In the United Kingdom, this information is directed at and/or for distribution only to (i) investment professionals falling within article 19(5) of the Financial Services and Markets Act 2000 (Financial Promotion) Order 2005, as amended (the "Order"), or (ii) high net worth companies falling within article 49(2)(a) to (d) of the Order (all such persons are collectively referred to herein as "relevant persons"). The securities are only available to, and any invitation, offer or agreement to subscribe, purchase or otherwise acquire such securities will be engaged in only with, relevant persons. Any person who is not a relevant person should not act or rely on this information or any of its contents.
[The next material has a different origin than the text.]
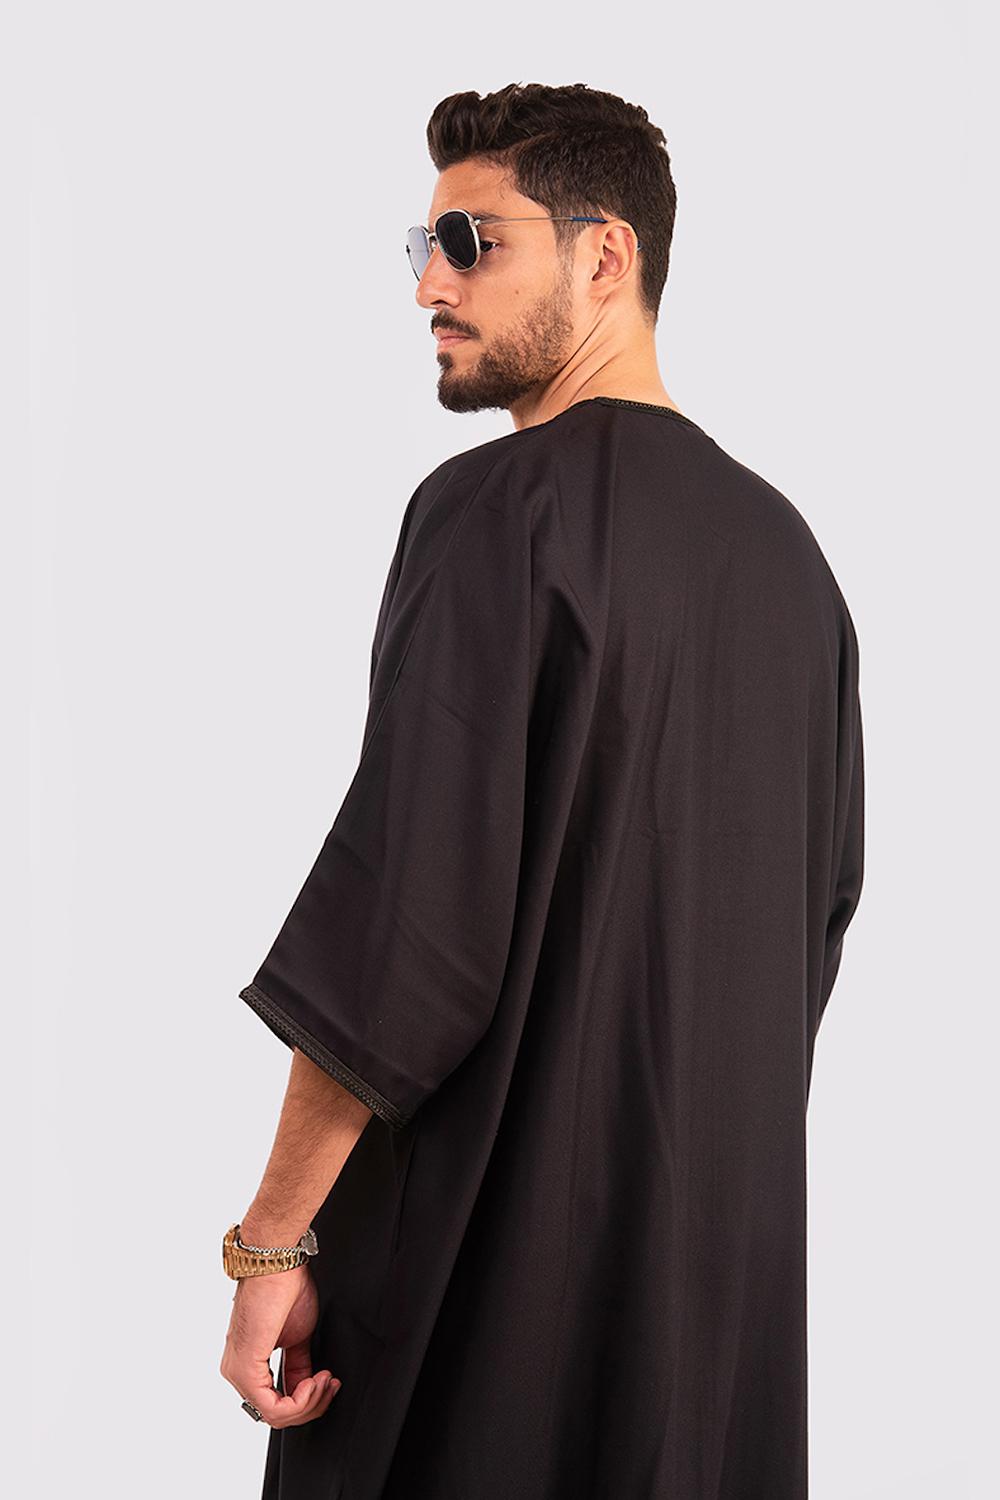 Gandoura Rais Men's Long Gandoura Robe Long Sleeve Thobe in Black

In member states of the European Economic Area ("EEA"), in which the Regulation (EU) 2017/1129 as amended (the "Prospectus Regulation") is in effect other than Germany (the "Relevant Member States"), this announcement, and any offer following it, is only addressed to persons who are 'qualified investors' within the meaning of Article 2(e) of the Prospectus Regulation ("Qualified Investors"). It is assumed that each person in the Relevant Member States who acquires or is offered securities as part of an offering (an "Investor") has represented and agreed that such person is a Qualified Investor; that securities purchased by such person as part of the offering are not being purchased for any person in the EEA other than a Qualified Investor or persons in Germany or another Relevant Member State with comparable legal provisions, with respect to whom the Investor may make decisions at its own discretion; and that the securities would not be purchased for offer or re-sale in the EEA, if this would lead to Novem Group SA or any of its affiliates being required to publish a prospectus under Article 3 of the Prospectus Regulation.
Subject to certain exceptions, the securities referred to herein may not be offered or sold in Australia, Canada or Japan or to, or for the account or benefit of, any national, resident or citizen of Australia, Canada or Japan.